Dr Qaisar Abbas, a prominent scholar and former President of South Asia Democracy Watch, has passed away after a brief illness.
His funeral was held in Denton and was laid to rest at a Muslim cemetery in the same city.
Abbas, born in Pakistan to Syed Bakshish Abbas Rizvi and Fatima Tauqir, was a distinguished academic and journalist. He earned his Master’s in Journalism from Punjab University and initially worked as a News Producer for Pakistan Television and as an information officer at the Ministry of Education in Punjab.
In 1981, he immigrated to the United States, where he pursued further education, obtaining a Master’s degree from Iowa State University and a PhD from the University of Wisconsin-Madison.
He made significant contributions to the field of mass communication and held administrative positions at various American universities, including roles as an assistant dean and director of multicultural affairs.
Dr Abbas had a deep interest in political and international communication, development broadcasting, poetry, resistance, and postcolonial South Asia.
He was a prolific writer, contributing to academic journals and newspapers in both English and his native language, Urdu.
Beyond his academic endeavors, Abbas was a published Urdu poet and served as the chief editor for JeddoJehad.
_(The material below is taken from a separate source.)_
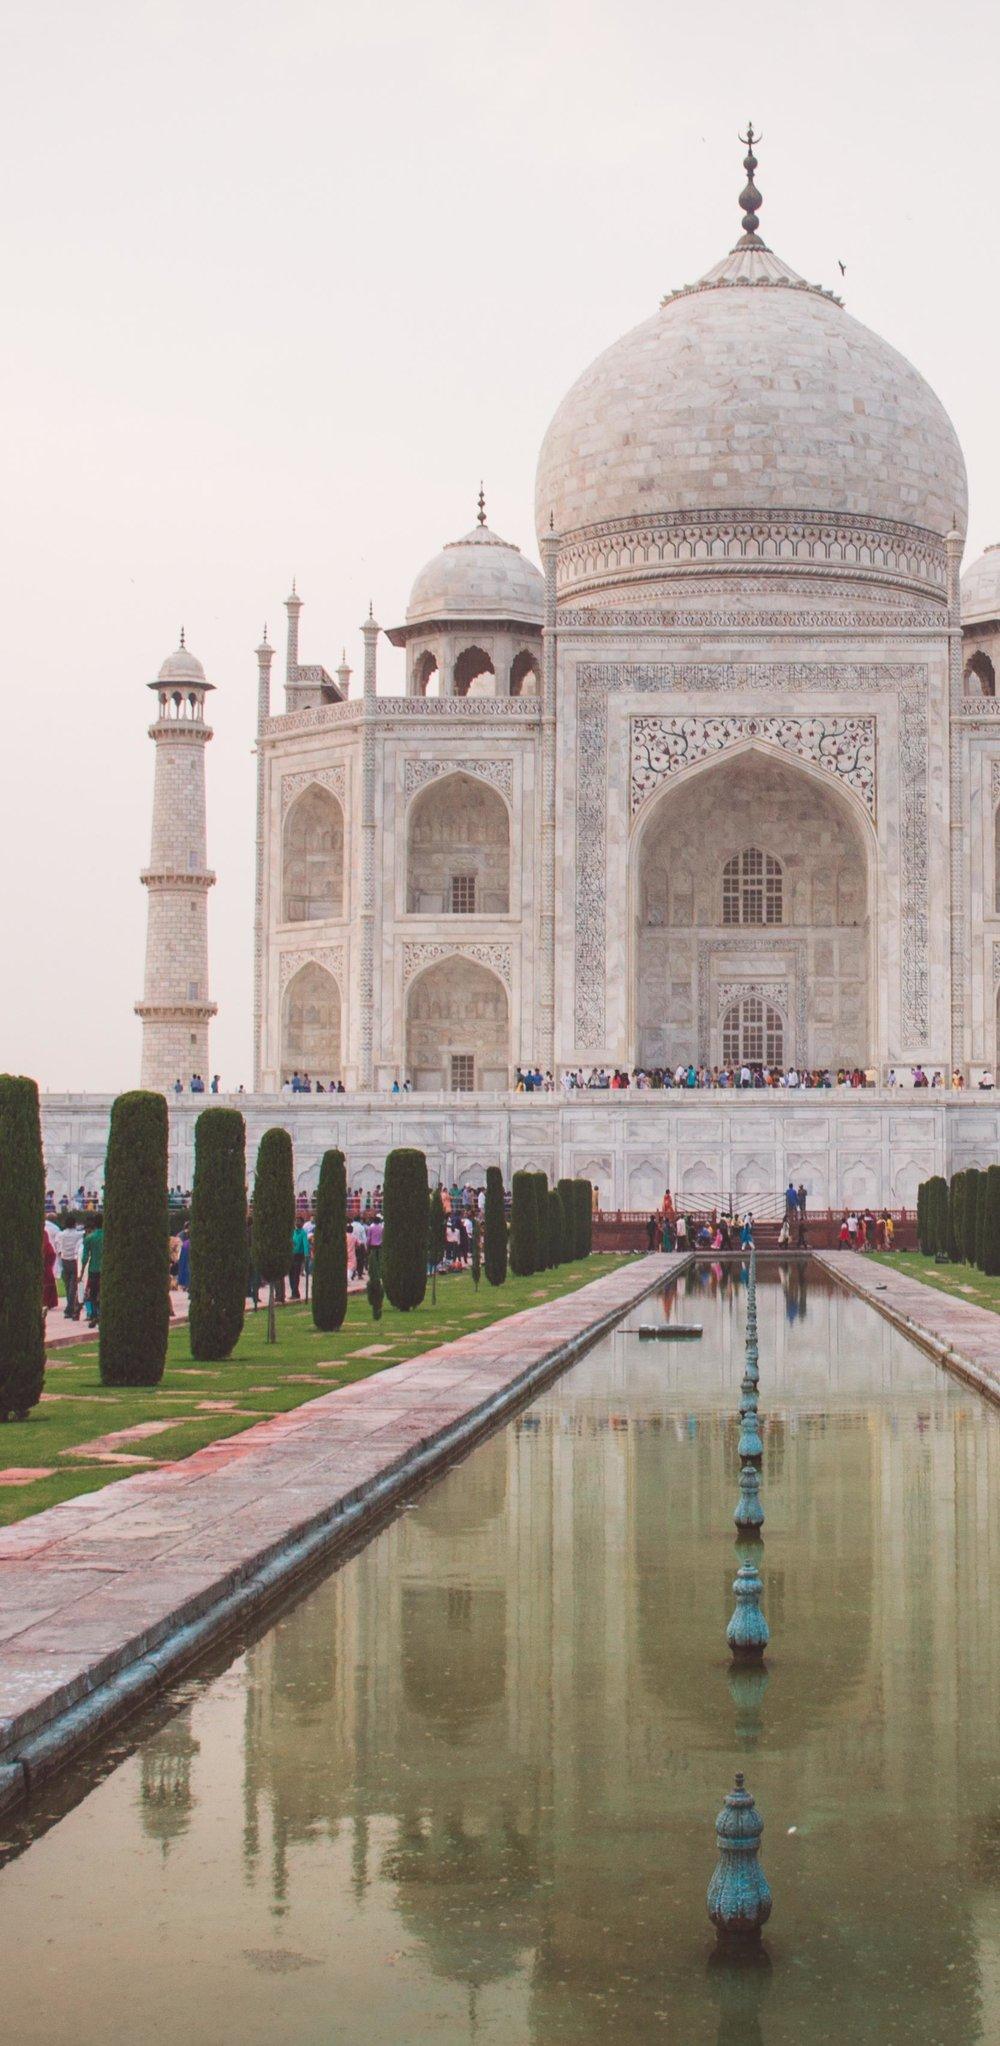 Taj Mahal cropped pixabay CCO license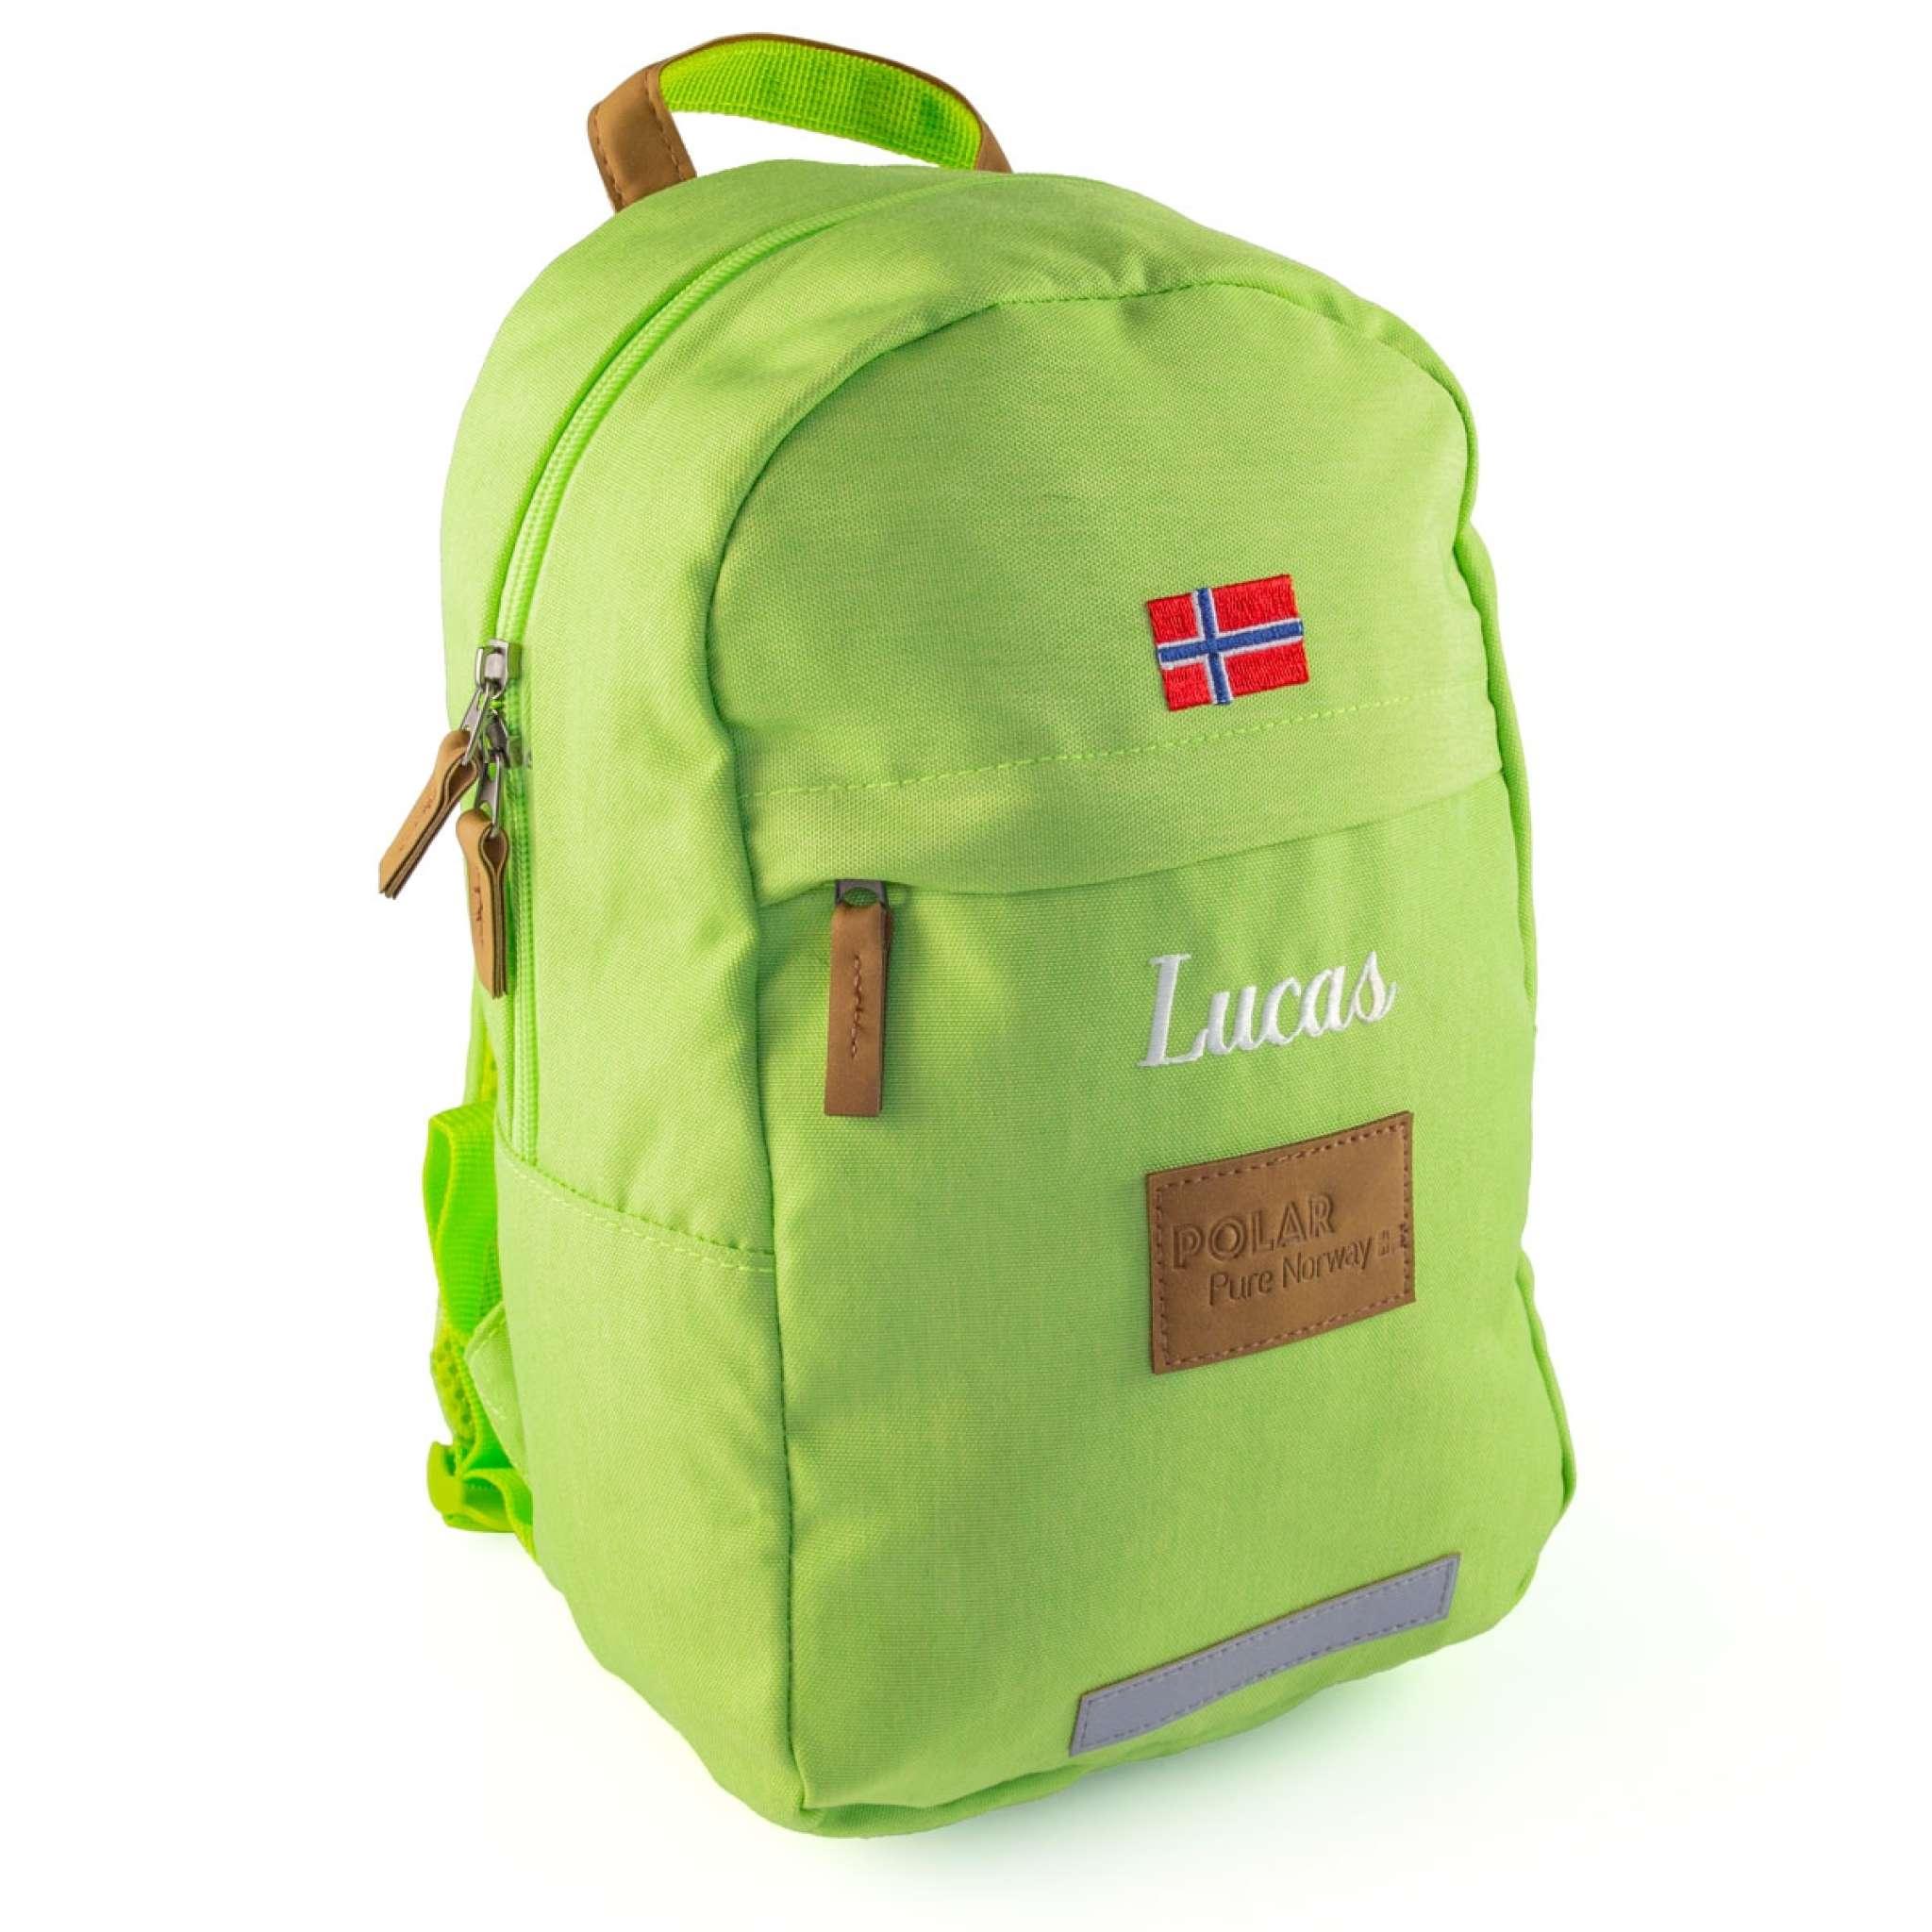 Guldbonus: Polar Pure Norway ryggsäck 10 liter

He co-edited the book “From Terrorism to Television: Dynamics of State, Media, and Society in Pakistan” (Routledge, 2020).
He was actively involved in several organisations and notably held the position of Executive Director for South Asia Democracy Watch.
He recently completed a manuscript for a book titled “Umeed e Sahar ki baat,” dedicated to his granddaughters, Iman and Noor Rizvi.
Dr Abbas is survived by his wife, Dr Saleha Suleman, his twin sons, Shahryar Rizvi and Shahrzad Rizvi, and his siblings, Manzar Abbas, Kosar Abbas, Yawar Abbas, Haider Abbas, and Rana Khurshid.
His passing is a significant loss to the academic and South Asian community, and his contributions will be remembered and cherished.
Many leaders have described his death as a significant loss to the academic and South Asian community, emphasising that his contributions will always be remembered.